This file contains functions for processing csv and tsv files towards correct formats.
- cvasl.seperated.avg_k_folds(frame)¶
This function takes a dataframe of k_fold results, as formatted for our experiments with derived datasets and returns an averaged dataframe
- cvasl.seperated.bin_dataset(dataframe, column, num_bins=4, graph=False)¶
This function creates an additional column where a continues variable can be binned into 2 or 4 parts.
- cvasl.seperated.check_identical_columns(tsv_path, header=0)¶
Here we enter the path to a folder, then return the columns in which all files are exactly duplicated in name and values.
needs more
- cvasl.seperated.check_sex_dimorph_expectations(dataframe)¶
This function checks that men as expected have larger brains than women in a given dataframe.
- cvasl.seperated.concat_double_header(dataframe_dub)¶
This function concatenates the two headers of a dataframe :param dataframe_dub: dataframe with double header :type dataframe_dub: pandas.dataFrame
- Returns:
dataframe with a single header
- Return type:
~pandas.DataFrame
- cvasl.seperated.derived_function(column, a, b, c)¶
This functions allows you to derive a projected value for any parameter based on a polynomial for age versus the parameter, given that your data is in a dataframe format.
- Parameters:
column (pandas.core.series.Series) – pandas dataframe variable column
a (float) – first coeffiecnt
b (float) – second coefficient
c (float) – final term in polynomial
- Returns:
series
- Return type:
- cvasl.seperated.drop_columns_folder(directory, list_droppables)¶
This function works csvs in a folder on those with unnamed columns and other unwanted columns it drops them, they are then available in a new folder called ‘stripped’
- cvasl.seperated.drop_y(df)¶
This is meant as a psuedo-helper function for pandas columns when they are merged.
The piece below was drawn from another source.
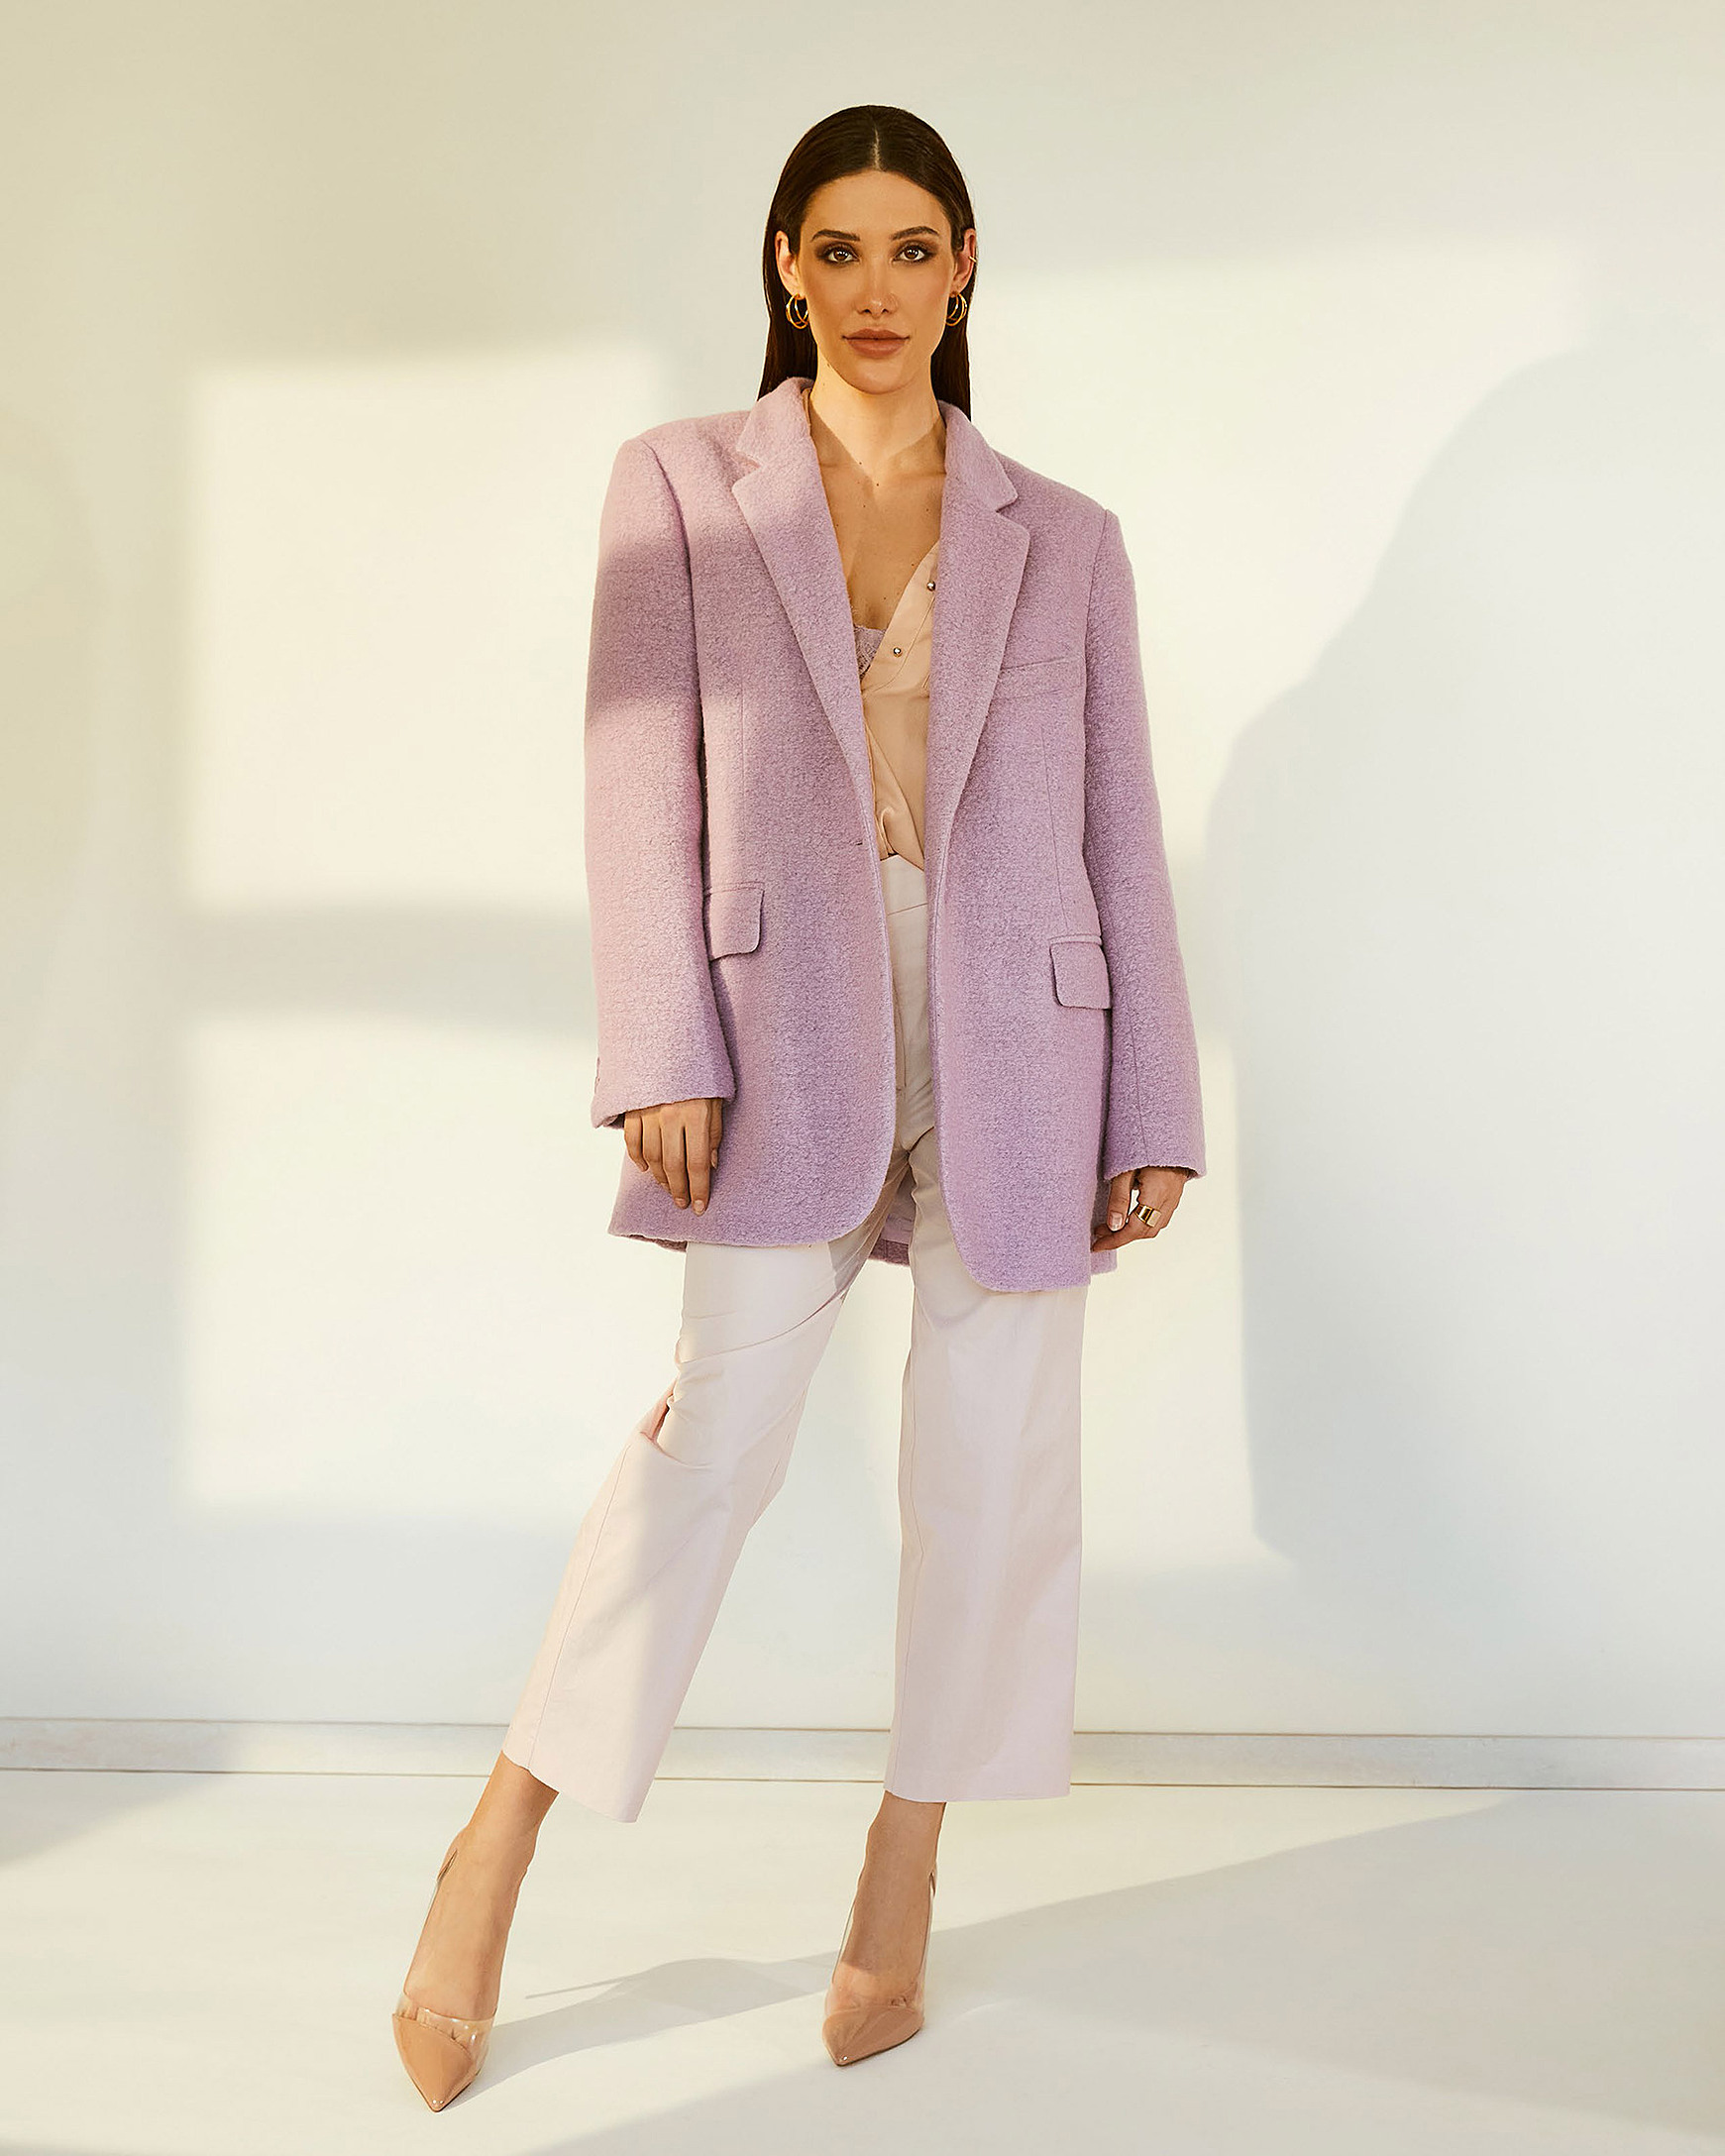 A female model stands in the light of the windows in the lilac coat

It drops columns that end in y
- cvasl.seperated.find_original_y_values(polynomial, output_value)¶
Finds the original y-values of a second or third degree polynomial given its coefficients and an output value.
- cvasl.seperated.find_outliers_by_list(dataframe, column_list, number_sd)¶
This function finds the outliers in terms of anything outside a given number of standard deviations (number_sd) from the mean on a list of specific specific column, then returns these rows of the dataframe.
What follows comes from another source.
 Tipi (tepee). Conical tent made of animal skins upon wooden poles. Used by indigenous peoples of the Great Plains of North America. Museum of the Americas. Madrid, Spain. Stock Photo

- cvasl.seperated.folder_chain_out_columns(datasets_folder, columns, output_folder)¶
This function works csvs in a folder at any folder level inside on those with unwanted columns it drops them, they are then available in a new folder called specified
- cvasl.seperated.generate_transformation_matrix(polynomial1, polynomial2)¶
Generates a matrix that transforms one polynomial into another. :param polynomial1: coefficients of the polynomial in form (a1, b1, …) :type polynomial1: Sequence :param polynomial2: coefficients of the polynomial in form (a2, b2, …) :type polynomial2: Sequence
- Returns:
m, an array
- Return type:
ndarrray
- cvasl.seperated.make_log_file(file_name, list_of_columns)¶
This function recodes columns on a csv file into their log value
- Parameters:
file_name (str) – csv with variables as columns
- Returns:
dataframe
- Return type:
dataframe
- cvasl.seperated.make_log_folder(directory, list_of_columns)¶
This function recodes columns on csvs with such a column in a sepcified directory into csvs with a new column is the log of old. The new files are produced as a side effect.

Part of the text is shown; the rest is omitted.